Amanat reformasi 1998 soal pemberantasan korupsi, kolusi, dan nepotisme
melekat pada presiden setelah Habibie, termasuk Presiden Joko Widodo. Gerakan reformasi
melahirkan Ketetapan MPR Nomor XI/MPR/1998 tentang Penyelenggara Negara yang
Bersih dan Bebas Korupsi, Kolusi, dan Nepotisme. Tap MPR No XI/1998
diperjuangkan dengan pengorbanan mahasiswa. Sejumlah mahasiswa dan rakyat
tewas dalam tragedi berdarah di kawasan Semanggi yang kemudian dikenal
sebagai Tragedi Semanggi. Tap MPR No XI/1998 adalah
amanat bangsa. Dalam Pasal 4 Tap MPR itu disebutkan, ”Upaya pemberantasan
korupsi, kolusi, dan nepotisme harus dilakukan secara tegas terhadap siapa
pun, baik pejabat negara, mantan pejabat negara, keluarga dan kroninya,
maupun pihak swasta/konglomerat, termasuk mantan Presiden”. Tap MPR menjadi tonggak kewajiban
penyelenggara negara mengumumkan dan bersedia diperiksa kekayaannya sebelum
dan sesudah menjabat. Pemeriksaan kekayaan penyelenggara negara dilakukan
Komisi Pemeriksa yang dibentuk Kepala Negara. Komisi Pemeriksa Kekayaan
Penyelenggara Negara kemudian dilebur dalam Komisi Pemberantasan Korupsi
(KPK) yang dikenal sekarang ini. KPK adalah lembaga
perjuangan untuk mewujudkan pemerintahan bersih dan bebas dari korupsi,
kolusi, dan nepotisme. KPK dirancang masyarakat sipil menjadi lembaga
independen karena lembaga penegak hukum, pada waktu itu, belum bersih. Salah
satu pesan reformasi adalah antikorupsi, kolusi, dan nepotisme sebagaimana
digambarkan karikaturis GM Sudarta. Korupsi banyak dipahami.

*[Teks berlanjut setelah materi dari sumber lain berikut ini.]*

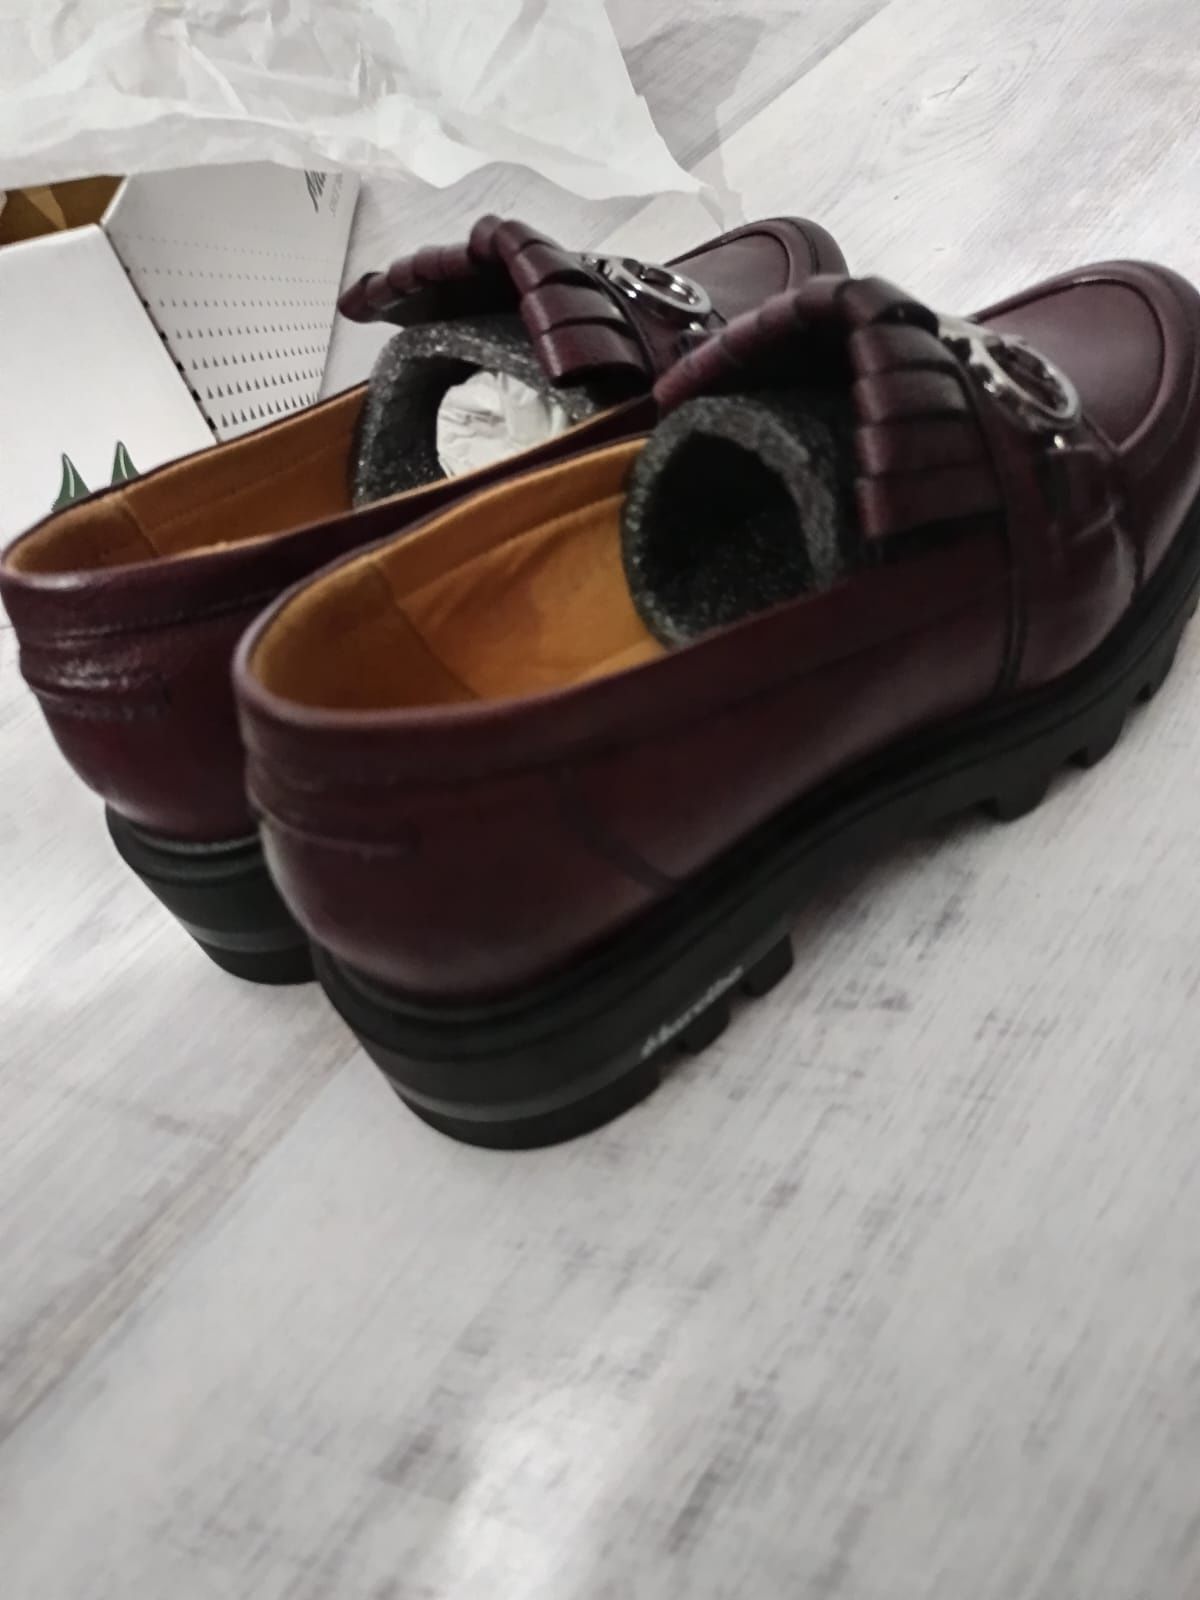 Vand pantofi noi de piele cumparati din magazinul Marelbo

Korupsi itu memiskinkan. Korupsi bisa menghalangi anak-anak mendapat
pendidikan. Korupsi bisa mengurangi bantuan bagi mereka yang tertimpa
bencana. Korupsi mengosongkan piring mereka yang kelaparan. (Korupsi yang
Memiskinkan, Penerbit Buku Kompas, 2011) Adapun kolusi dimaknai
sebagai permufakatan secara melawan hukum antar-penyelenggara negara dan
pihak lain yang merugikan orang lain, masyarakat dan/atau negara. Sementara
nepotisme dimaknai sebagai perbuatan penyelenggara negara secara melawan
hukum yang menguntungkan kepentingan keluarganya dan/atau kroninya di atas
kepentingan masyarakat, bangsa, dan negara. Semangat kebatinan
reformasi Mei 1998 itu layak direnungkan. Apakah bangsa ini masih setia pada
cita-cita reformasi terwujudnya sebuah pemerintahan yang bersih dari korupsi,
kolusi, dan nepotisme. Diksi korupsi, kolusi, dan nepotisme apalagi kalau
disingkat dengan KKN kian membuat kabur pemahaman soal korupsi. Padahal,
korupsi bisa saja ditafsirkan sebagai penggarongan uang negara, kolusi
menjadi persekongkolan mengambil uang negara, dan nepotisme sebagai koncoisme
untuk mendapatkan keuntungan dari kekuasaan. KKN kadang dipelesetkan menjadi
narik kanca-kanca. Di sejumlah negara terjadi
gelombang balik demokrasi. Begitu juga dengan gerakan reformasi antikorupsi.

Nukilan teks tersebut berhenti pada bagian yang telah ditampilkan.